Por outro lado, sem sair das linhas desta visão moral,
a novidade da Encíclica consiste ainda na orientação de
fundo, em virtude da qual a própria concepção do
desenvolvimento, se for considerado na perspectiva da
interdependência universal, muda de forma notável. O
verdadeiro desenvolvimento não pode consistir na simples
acumulação de riqueza e na maior disponibilidade dos bens
e dos serviços, se isso for obtido à custa do
subdesenvolvimento das multidões, e sem a consideração
devida pelas dimensões sociais, culturais e espirituais
do ser humano. [26]
10. Como terceiro ponto, a Encíclica trouxe uma
contribuição notável de novidade à doutrina social da
Igreja, no seu conjunto, e à própria concepção de
desenvolvimento.

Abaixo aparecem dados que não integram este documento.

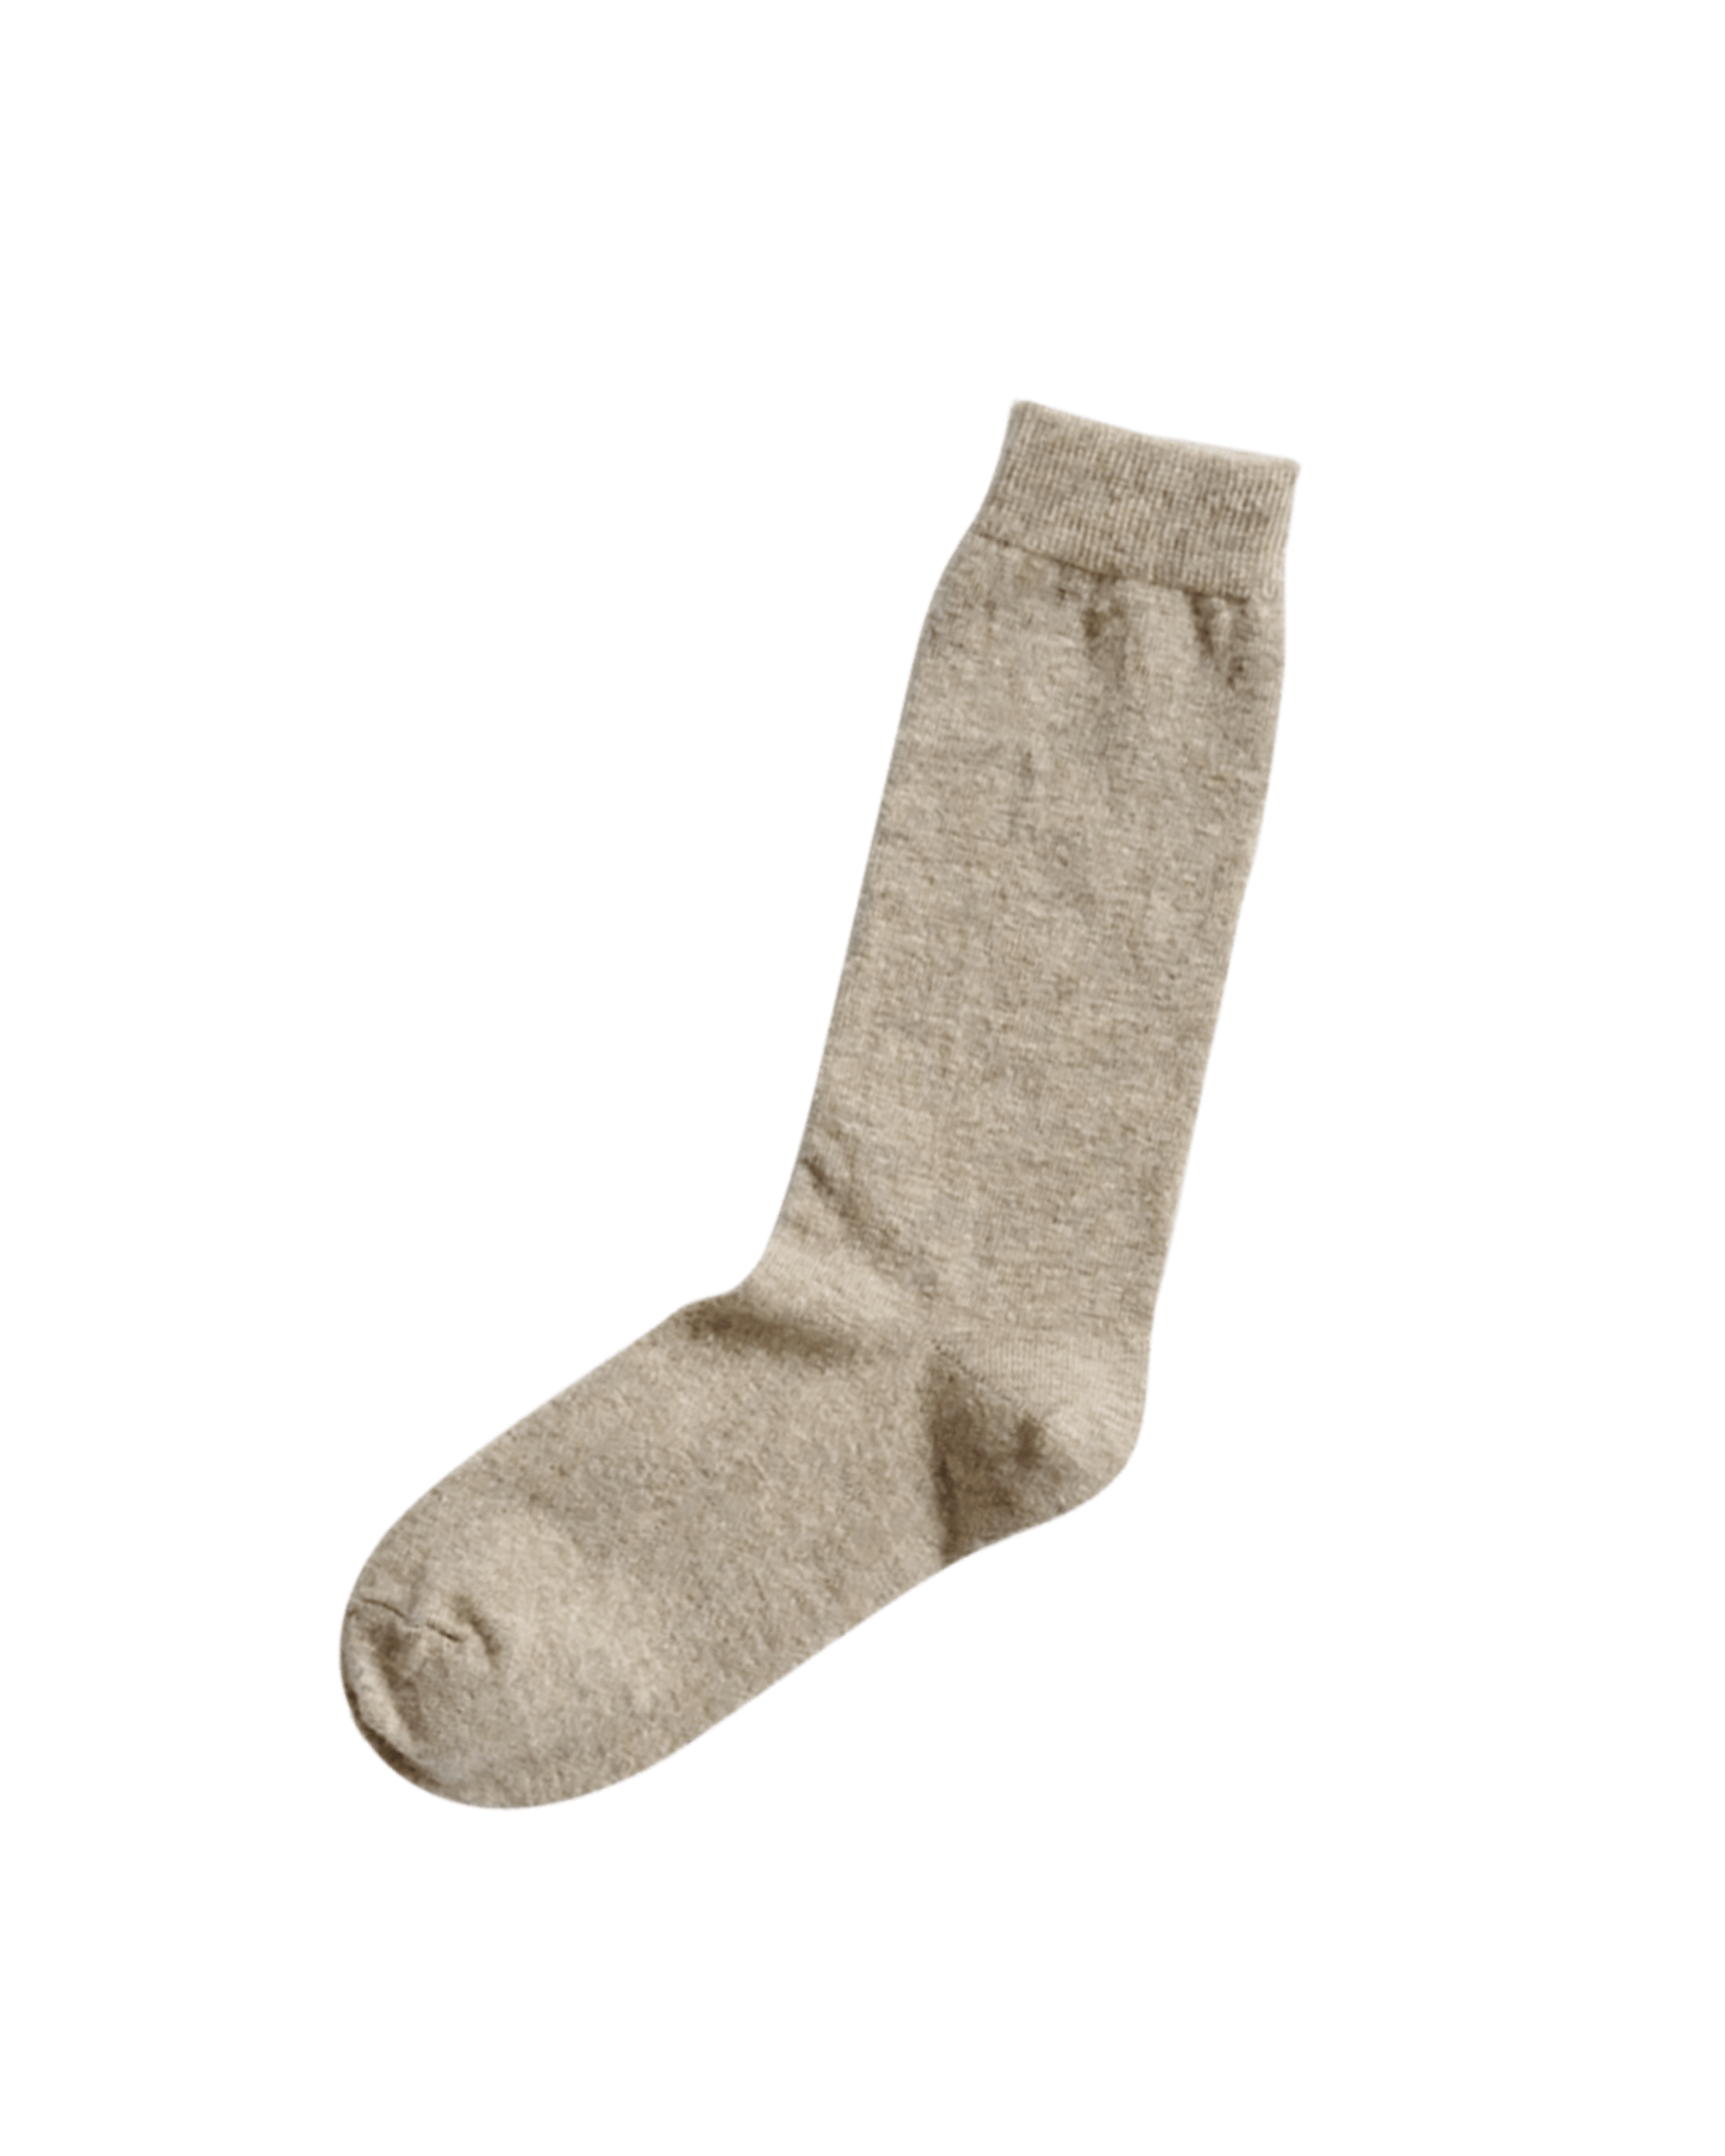 cashmere wool socks from japan

Esta novidade pode encontrar-se numa
frase, que se lê no parágrafo conclusivo do documento e
que pode ser considerada como a fórmula que a resume,
além de ser aquilo que lhe dá uma classificação
histórica: «o desenvolvimento é o novo nome da paz».
[27]
Na realidade, se a questão social adquiriu uma dimensão
mundial, foi porque a exigência de justiça só pode ser
satisfeita neste mesmo plano. Não atender a tal
exigência poderia propiciar o irromper duma tentação de
resposta violenta, por parte das vítimas da injustiça,
como acontece na origem de muitas guerras. As
populações excluídas da repartição equitativa dos
bens, destinados originariamente a todos, poderiam
perguntar-se: por que não responder com a violência a
quantos são os primeiros a tratar-nos com violência? E
se a situação se examinar à luz da divisão do mundo em
blocos ideológicos — já existente em 1967 — com as
consequentes repercussões e dependências económicas e
políticas que isso acarreta, o perigo revela-se muito
maior.
A esta prirneira consideração sobre o dramático
conteúdo da fórmula da Encíclica acrescenta-se outra,
a que o mesmo documento faz alusão: [28] como
justificar o facto de que ingentes somas de dinheiro, que
poderiam e deveriam ser destinadas a incrementar o
desenvolvimento dos povos, em vez disso são utilizadas
para o enriquecimento de indivíduos ou grupos, ou então
para aumentar os arsenais de armas, quer nos países
desenvolvidos, quer naqueles que estão em vias de
desenvolvimento, alterando assim as verdadeiras
prioridades? Isto é ainda mais grave se se tiverem em
conta as dificuldades que, não raro, obstaculizam a
passagem directa dos capitais destinados a prestar ajuda
aos países a braços com a necessidade. Se «o
desenvolvimento é o novo nome da paz», a guerra e os
preparativos militares são o maior inimigo do
desenvolvimento integral dos povos.
Sendo assim, à luz da expressão do Papa Paulo VI,
somos convidados a rever o conceito de desenvolvimento,
que não coincide certamente com o que algumas vezes se
faz, limitando-se a satisfazer as necessidades
materiais, mediante o aumento dos bens, sem prestar
atenção aos sofrimentos da maioria e fazendo do egoísmo
das pessoas e das nações a principal motivação. Como
perspicazmente nos recorda a Carta de São Tiago: é
daqui que «vêm as guerras e os conflitos ... Das
paixões que lutam nos vossos membros. Cobiçais e não
conseguis possuir...» (Tg 4, 1-2).
Pelo contrário, num mundo diverso, dominado pela
solicitude do bem comum de toda a humanidade, ou seja pela
preocupação com o «desenvolvimento espiritual e humano
de todos», e não com a busca do proveito particular, a
paz seria possível, como fruto de uma «justiça mais
perfeita entre os homens». [29]
Esta novidade da Encíclica tem também um valor
permanente e actual, tomando em conta a mentalidade de
hoje, que é tão sensível ao vínculo que existe entre o
respeito da justiça e a instauração da verdadeira paz.